También puede convenir gravar sectores que hoy gozan de una demanda fuerte y más inelástica o “garantizada” por la propia pandemia, y por lo tanto pueden tributar sin afectar gravemente su actividad. Sin embargo, aunque sufran menos que otros, el impuesto podría desincentivarlos cuando más los queremos usar. Este puede ser el caso de las actividades relacionadas con la higiene, los temas médicos, y el comercio electrónico. Además, aunque es el instrumento con que cuenta el distrito, el ICA grava ingresos brutos y no las ganancias, lo cual es ineficiente y genera inequidades.
Entonces, ¿por qué tendría sentido subir tasas con estos dos problemas? Sólo en el entendido de que: (1) con deuda no es suficiente y (2) los aumentos propuestos en ICA logran un balance razonable donde el ingreso adicional obtenido compensa con creces la posible afectación a estos negocios. Si estas premisas fallan, deberíamos acudir sólo a deuda o ajustar la tasa. Y sobre estas premisas, aunque no descabelladas, encontré poco sustento empírico en las propuestas del gobierno.

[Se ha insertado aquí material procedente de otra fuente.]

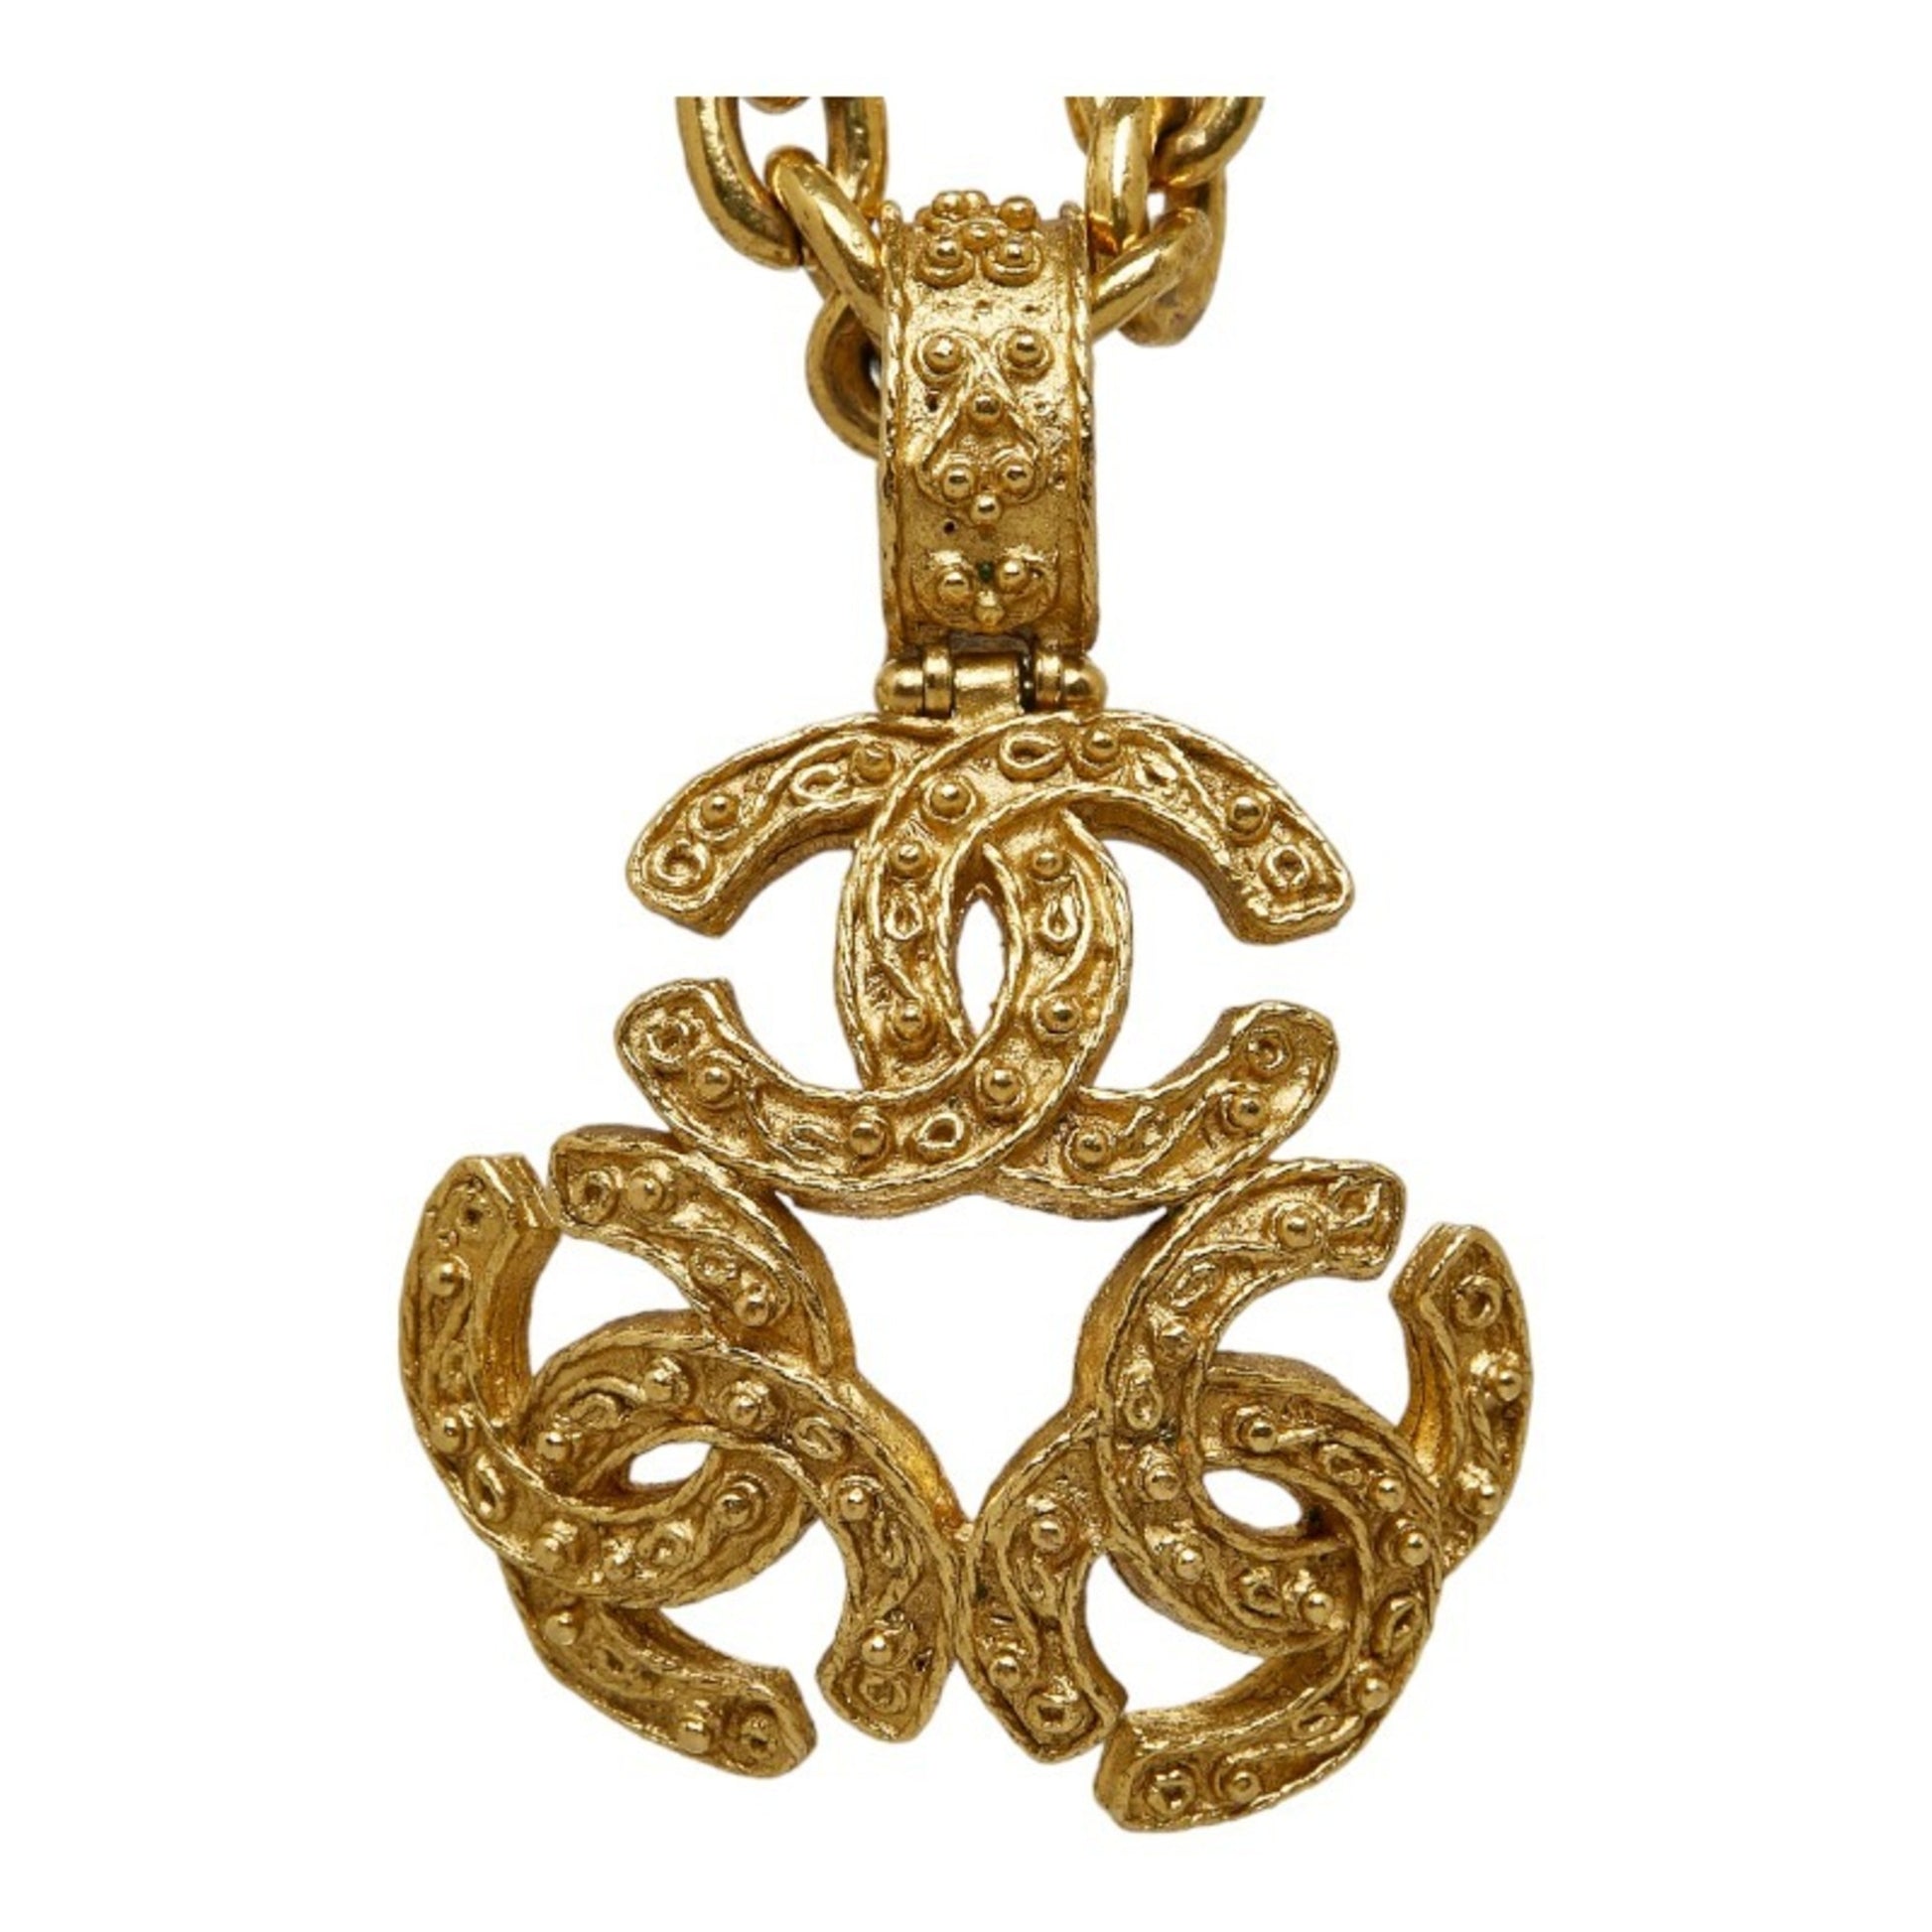 Coco Chanel 'cc' Necklace

Por el lado de los alivios, se puede mejorar el diseño si se condicionan a conservar empleos y si se otorgan no a quienes hallan sufrido una caída en sus ingresos, sino en sus ganancias. Más ambicioso, aunque imposible en el corto plazo, es recoger las recomendaciones de la comisión de finanzas territoriales que acaba de presentar su informe y avanzar estas iniciativas, no con el ICA, sino con un impuesto local a las ganancias que lo reemplace.

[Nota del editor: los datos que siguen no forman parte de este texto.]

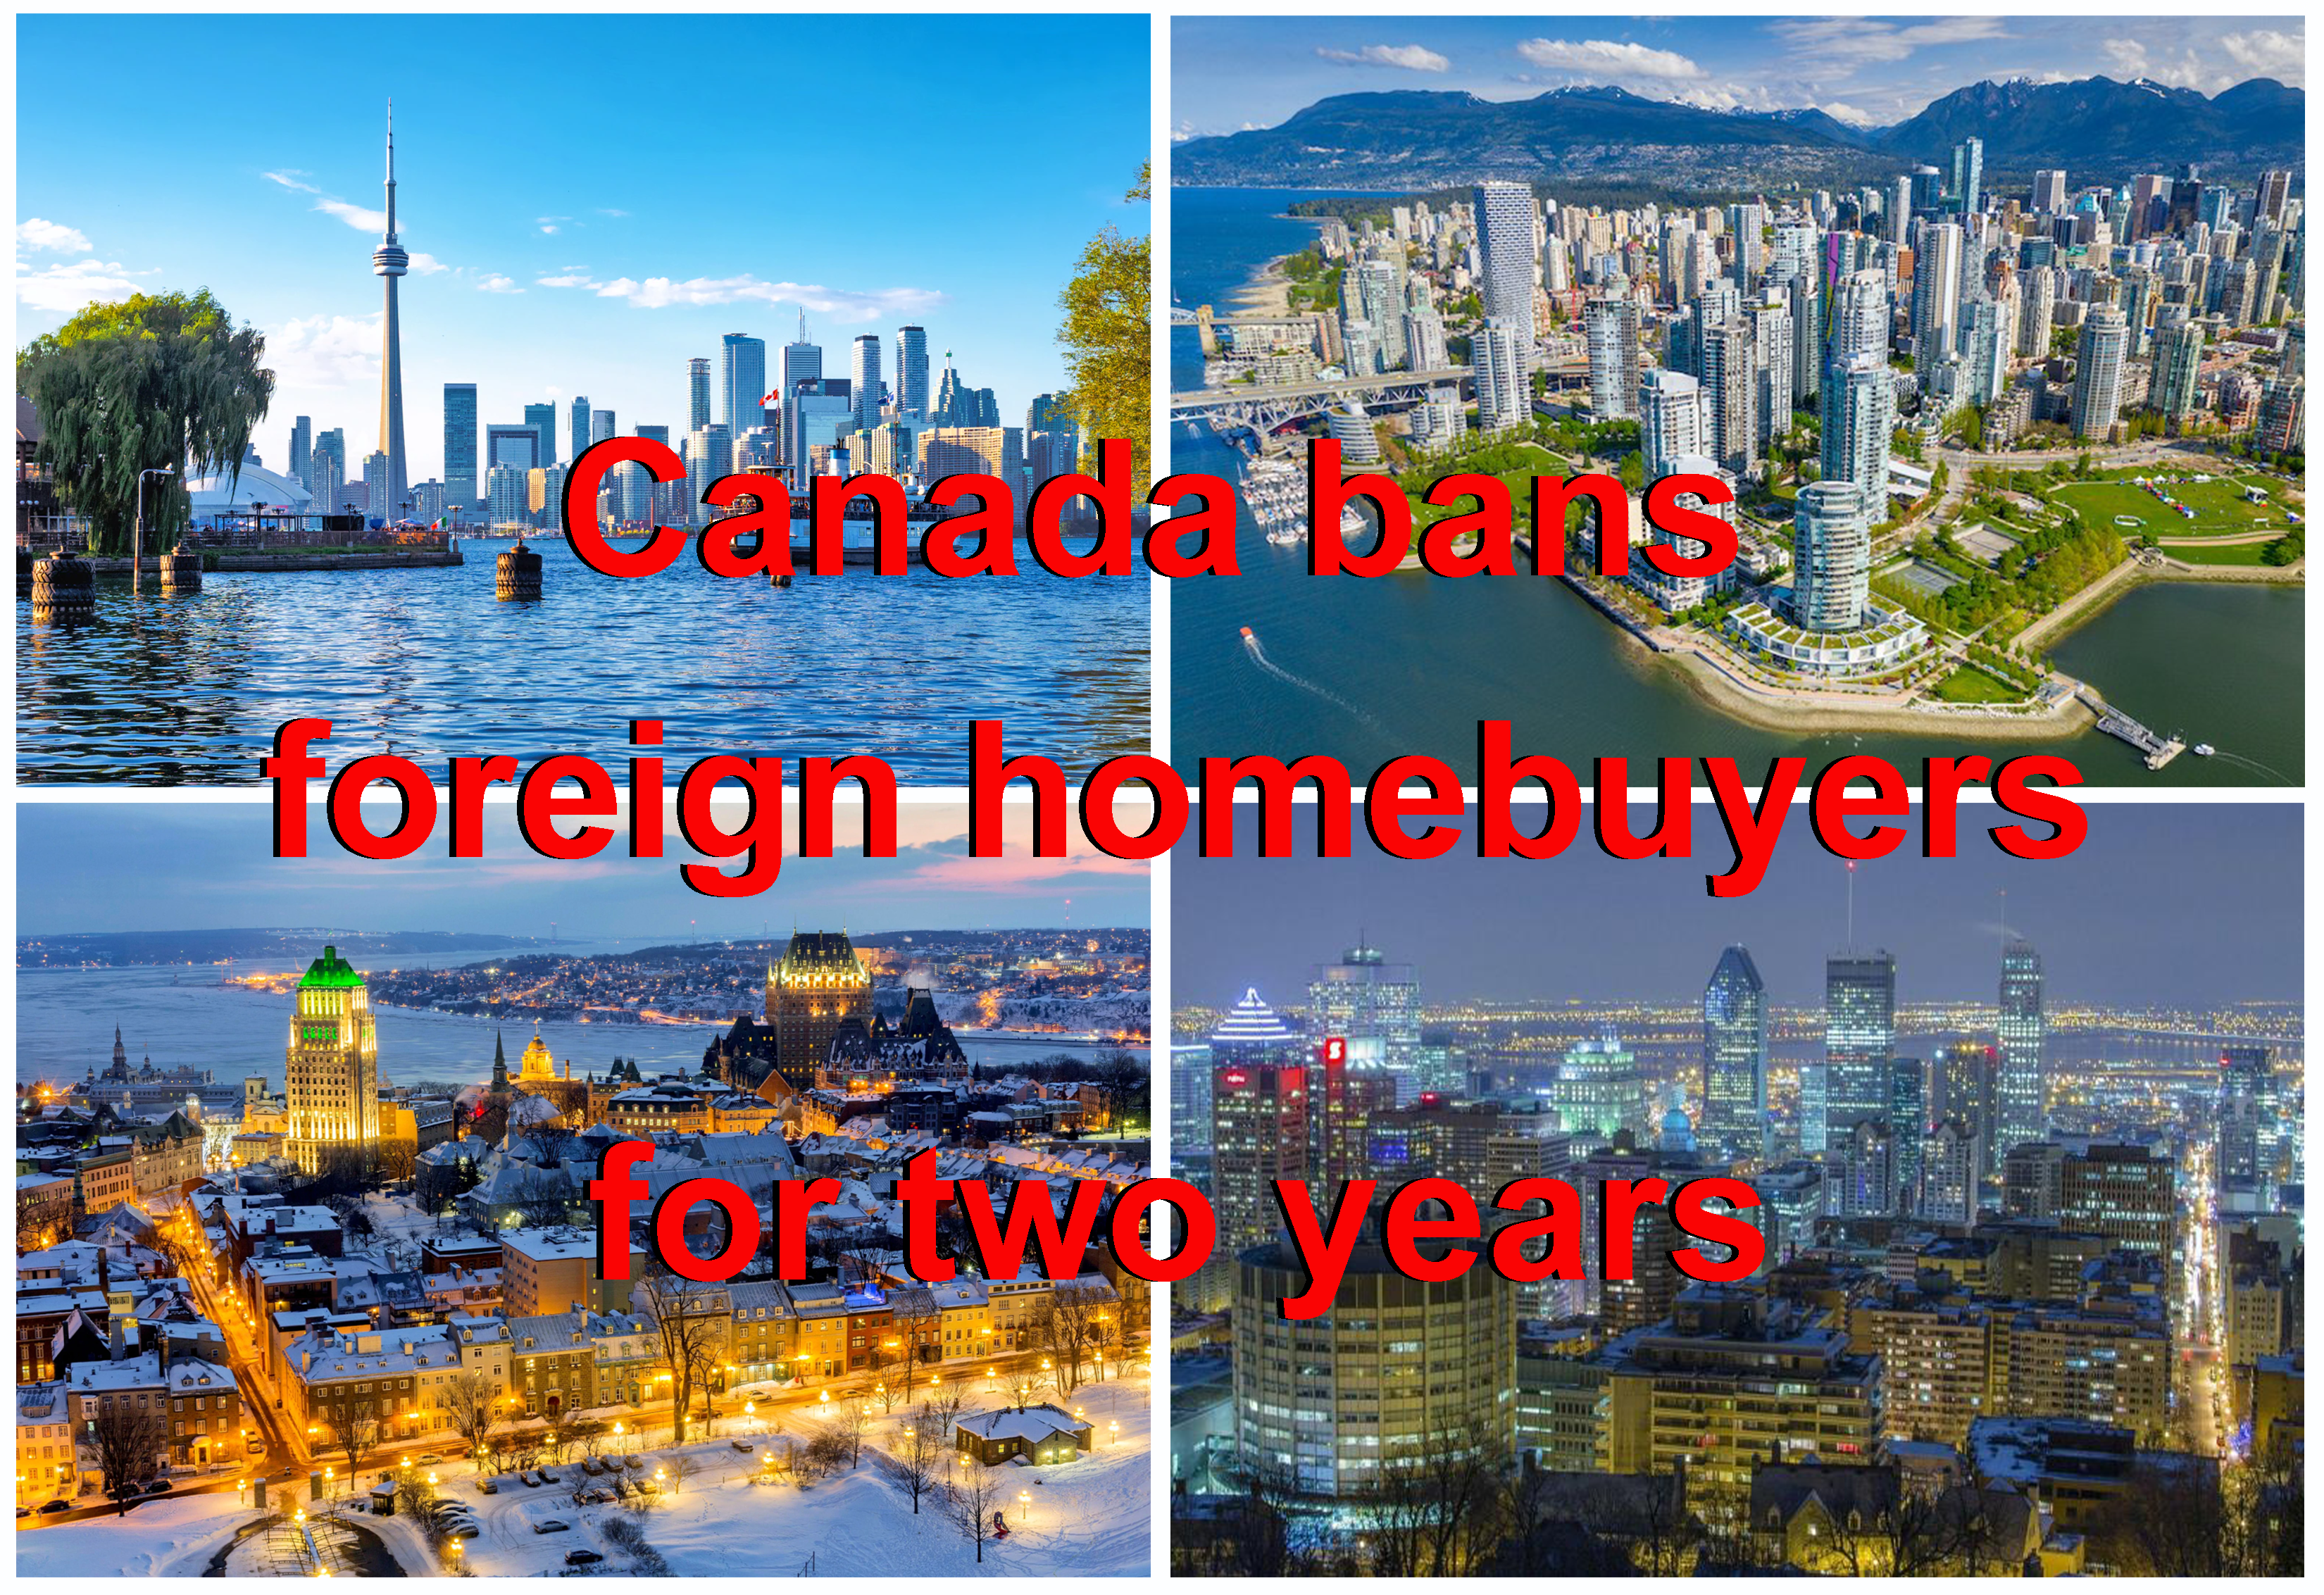 دولت کانادا خرید خانه برای خارجی های غیرمقیم را در تلاش برای آرام کردن بازار مسکن به مدت دو سال ممنوع می کند

En una última precisión, no es razonable la defensa de los incrementos al ICA aduciendo que estos impuestos no se traducen en costos porque (como una de las varias exenciones de Duque es reducir más el impuesto de renta a quienes pagan más ICA) esta carga se irá a reducción en impuestos nacionales. Primero, porque no sabemos que sea así: es posible, pero dependerá del resultado del ejercicio de las empresas tal que puedan aprovechar estos pagos. Segundo, supongamos que sí: esto no es una buena noticia. Al contrario, refleja lo mal pensado de esa exención que genera incentivos a “canibalización” entre los recaudos locales y nacionales.